» **Task goal**:
Retype exactly the lines below, starting with the line that contains "TV room sofa" and ending with the last line; leave out any pictures.

» **Supplied data**:
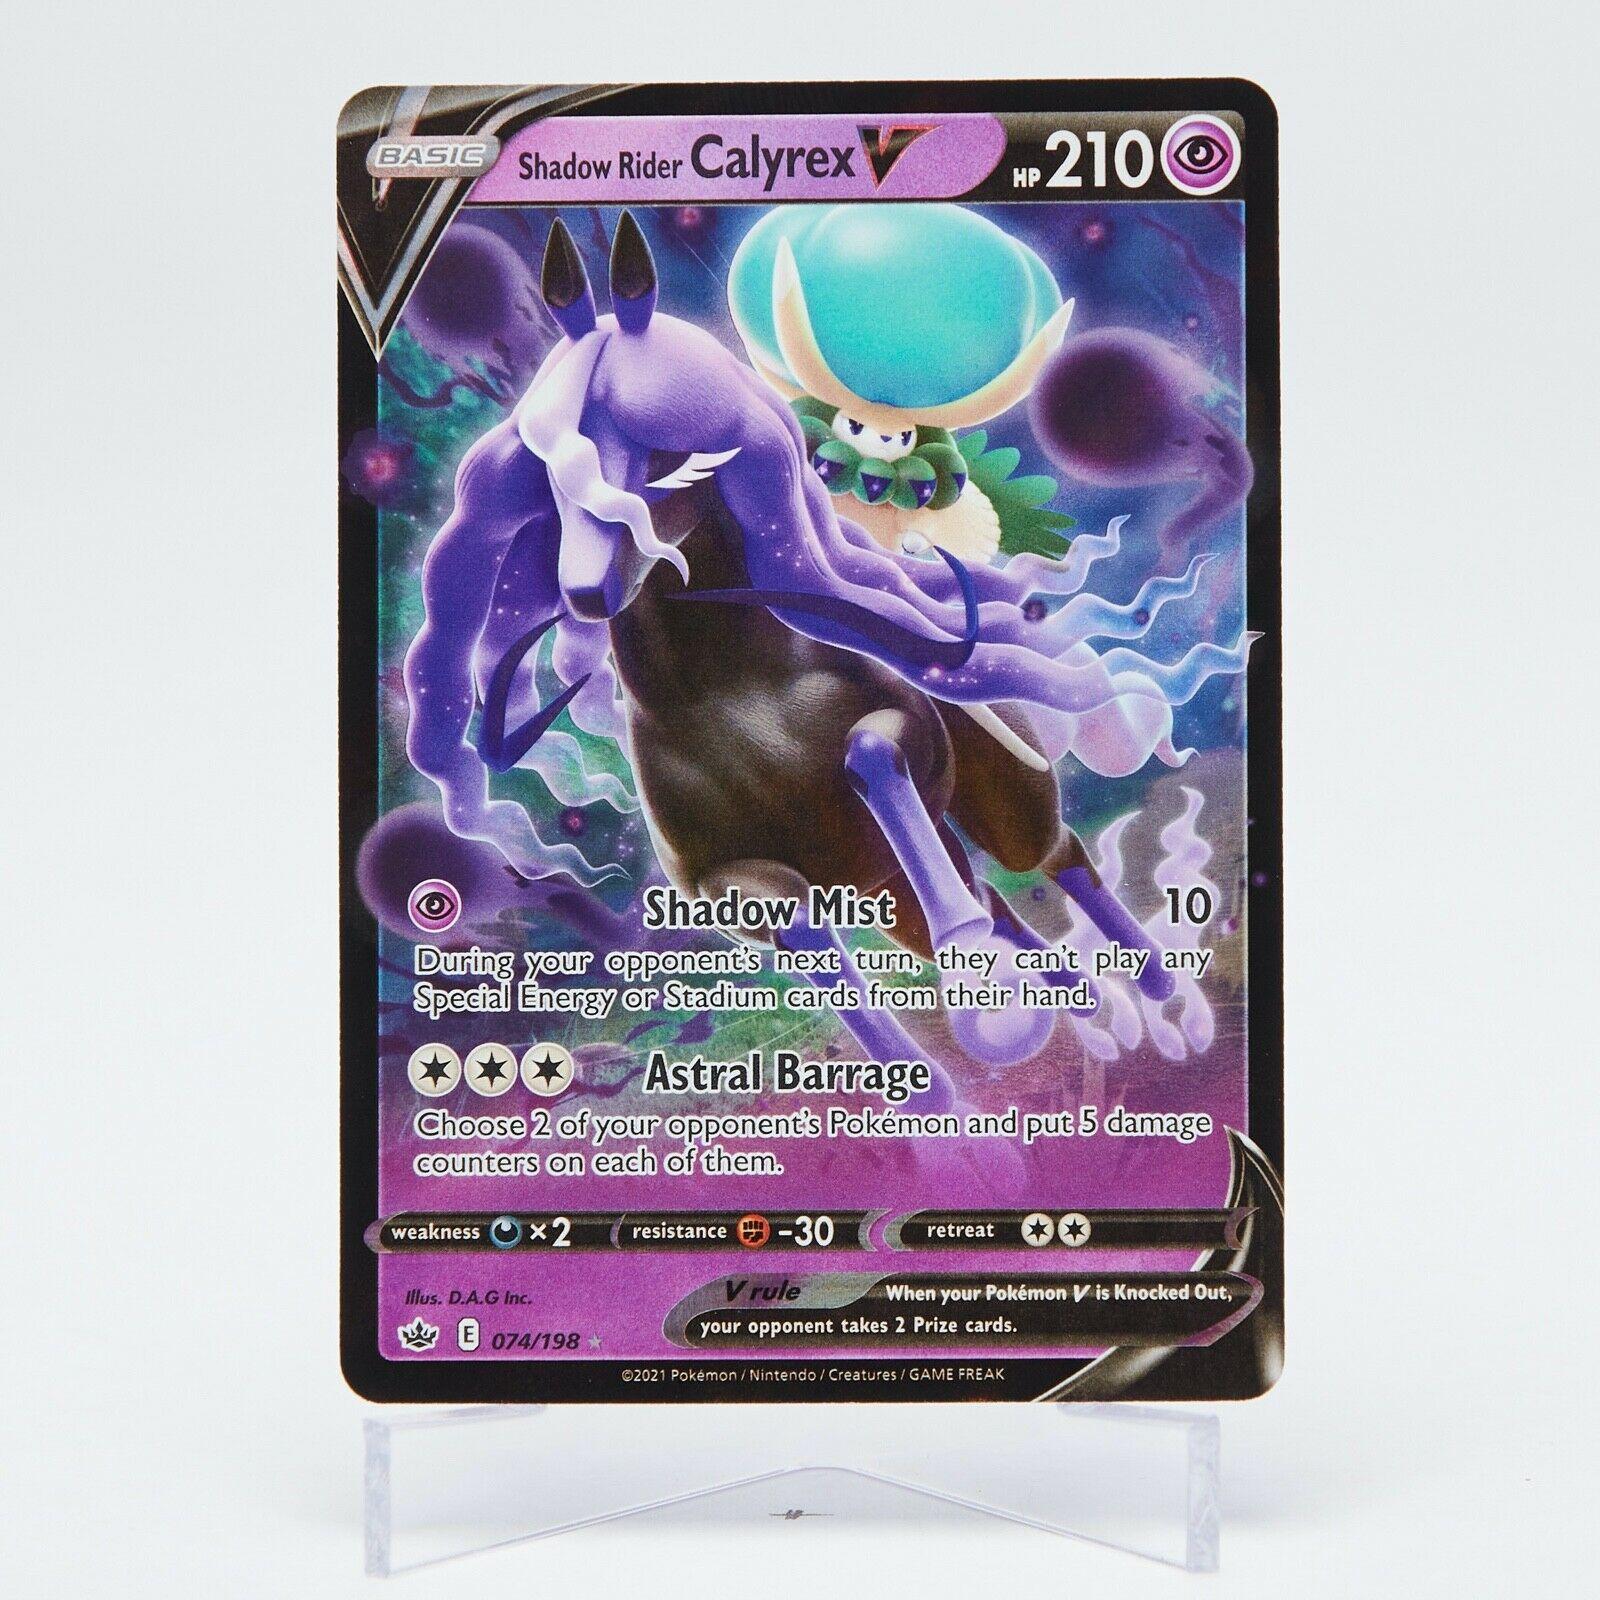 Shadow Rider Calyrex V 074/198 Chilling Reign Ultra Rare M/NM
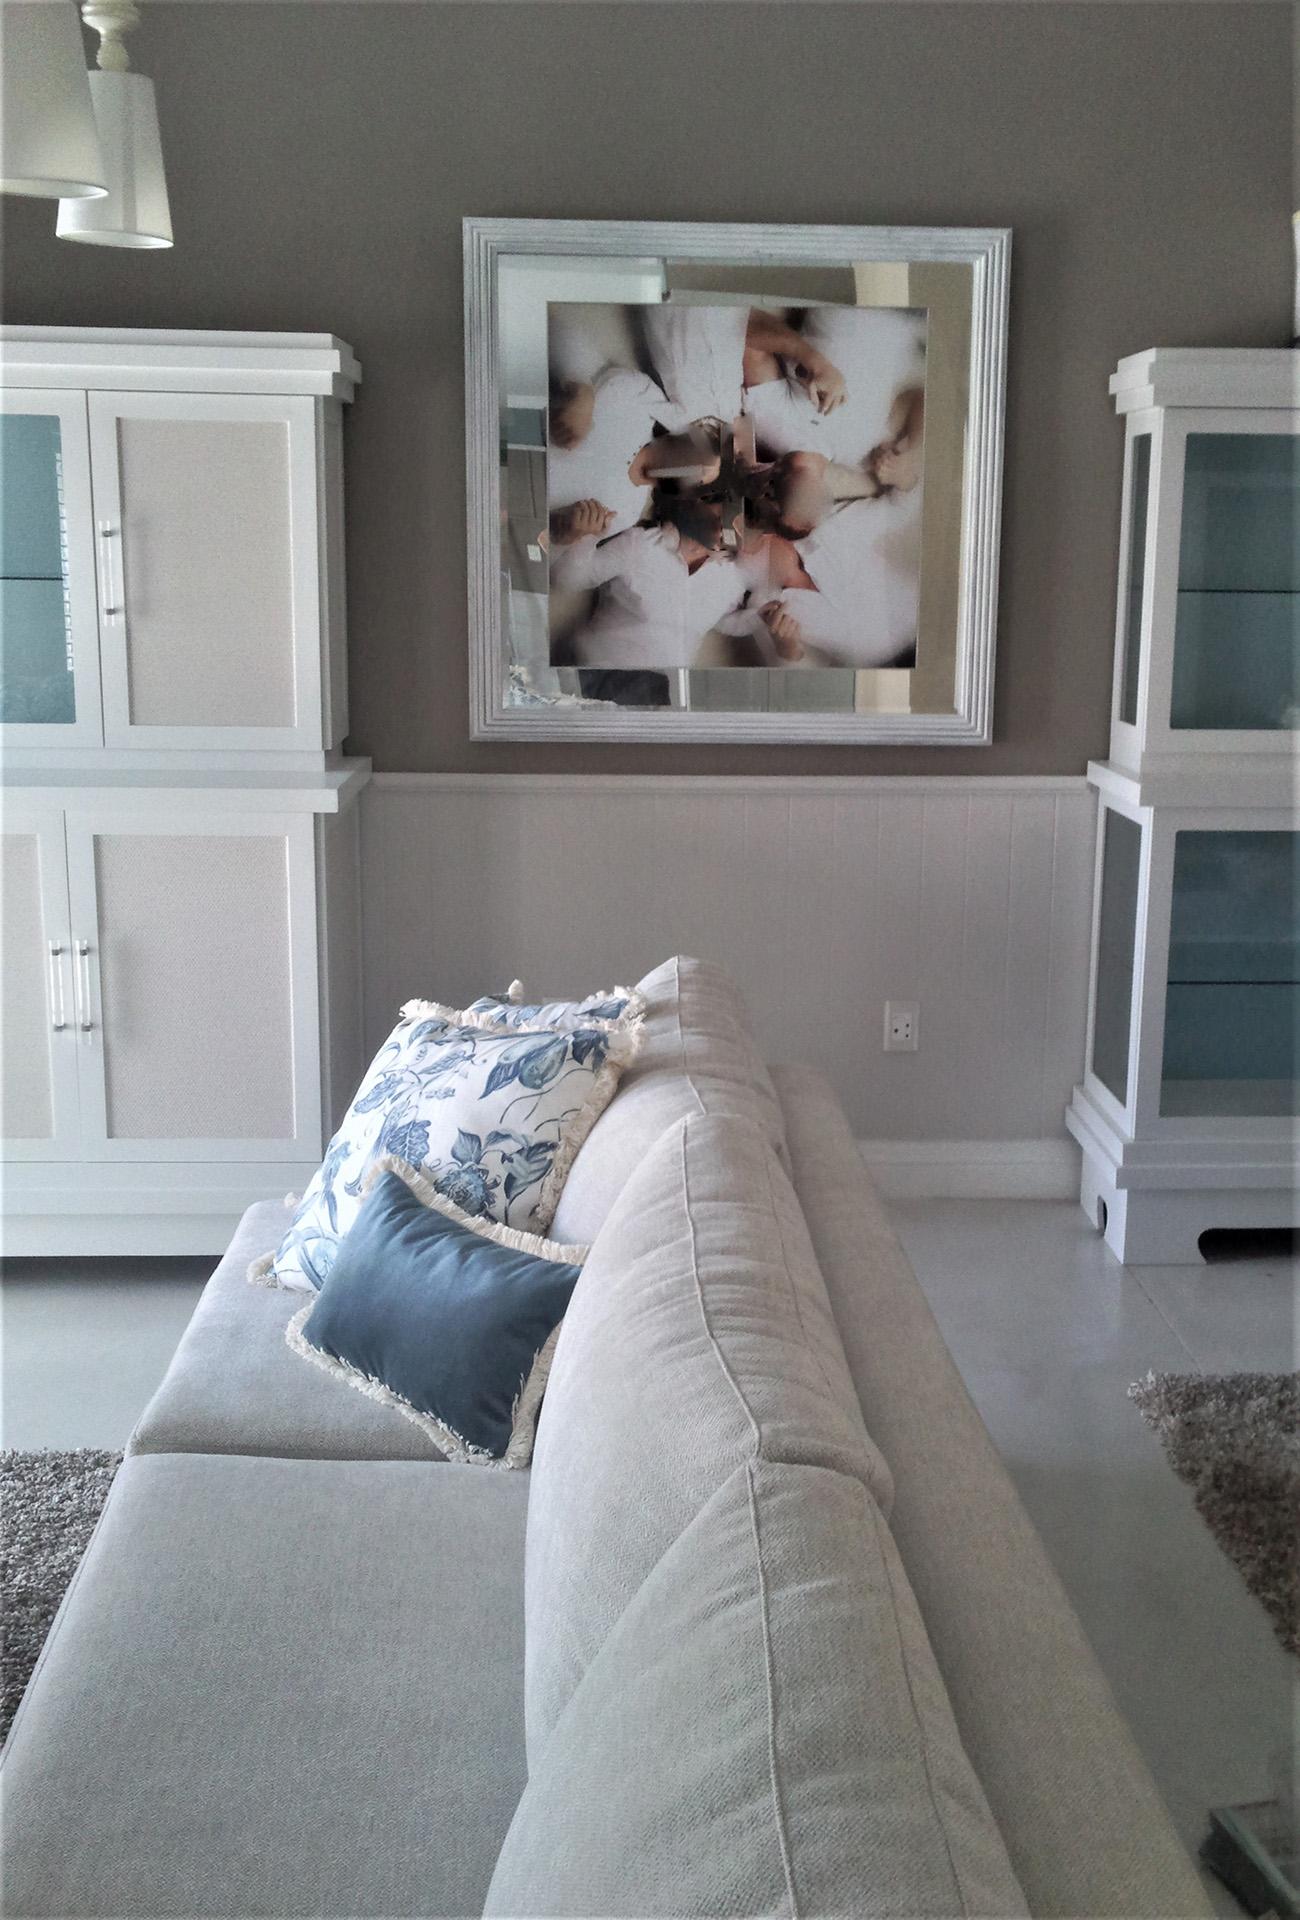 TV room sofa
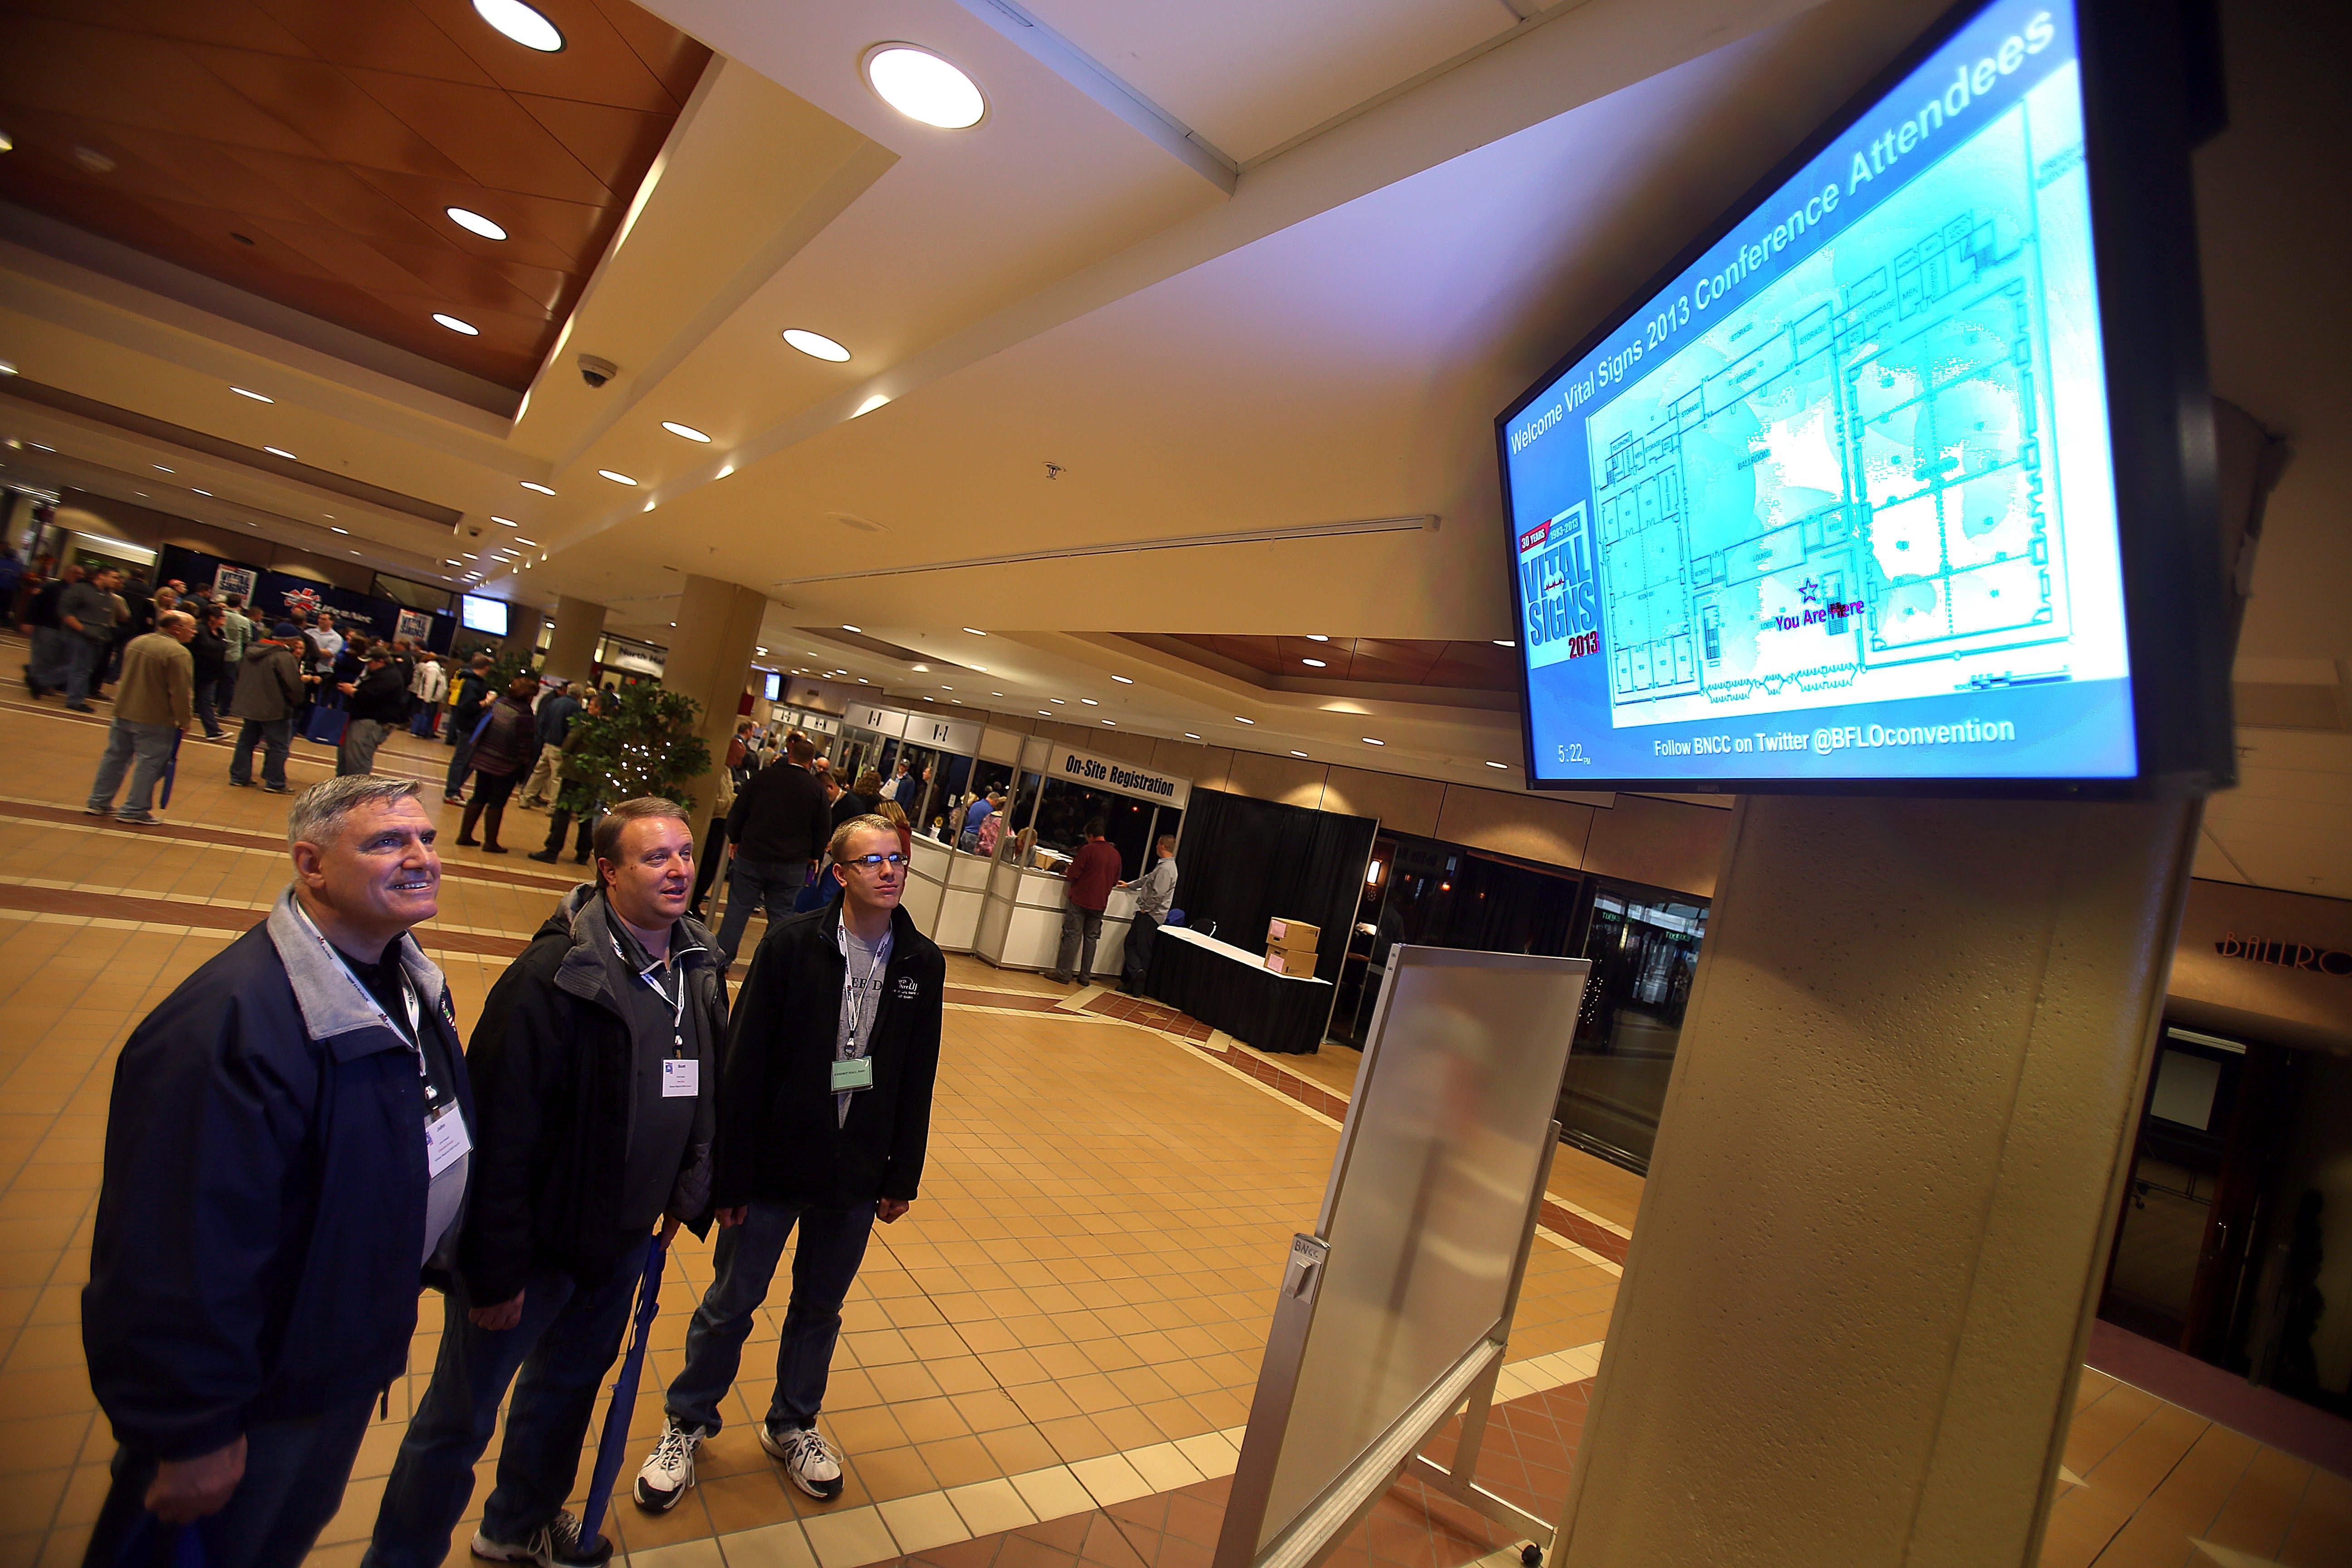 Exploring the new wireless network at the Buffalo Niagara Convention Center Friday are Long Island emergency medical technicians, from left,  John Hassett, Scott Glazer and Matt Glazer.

» **Task response**:
 TV room sofa
 Exploring the new wireless network at the Buffalo Niagara Convention Center Friday are Long Island emergency medical technicians, from left,  John Hassett, Scott Glazer and Matt Glazer.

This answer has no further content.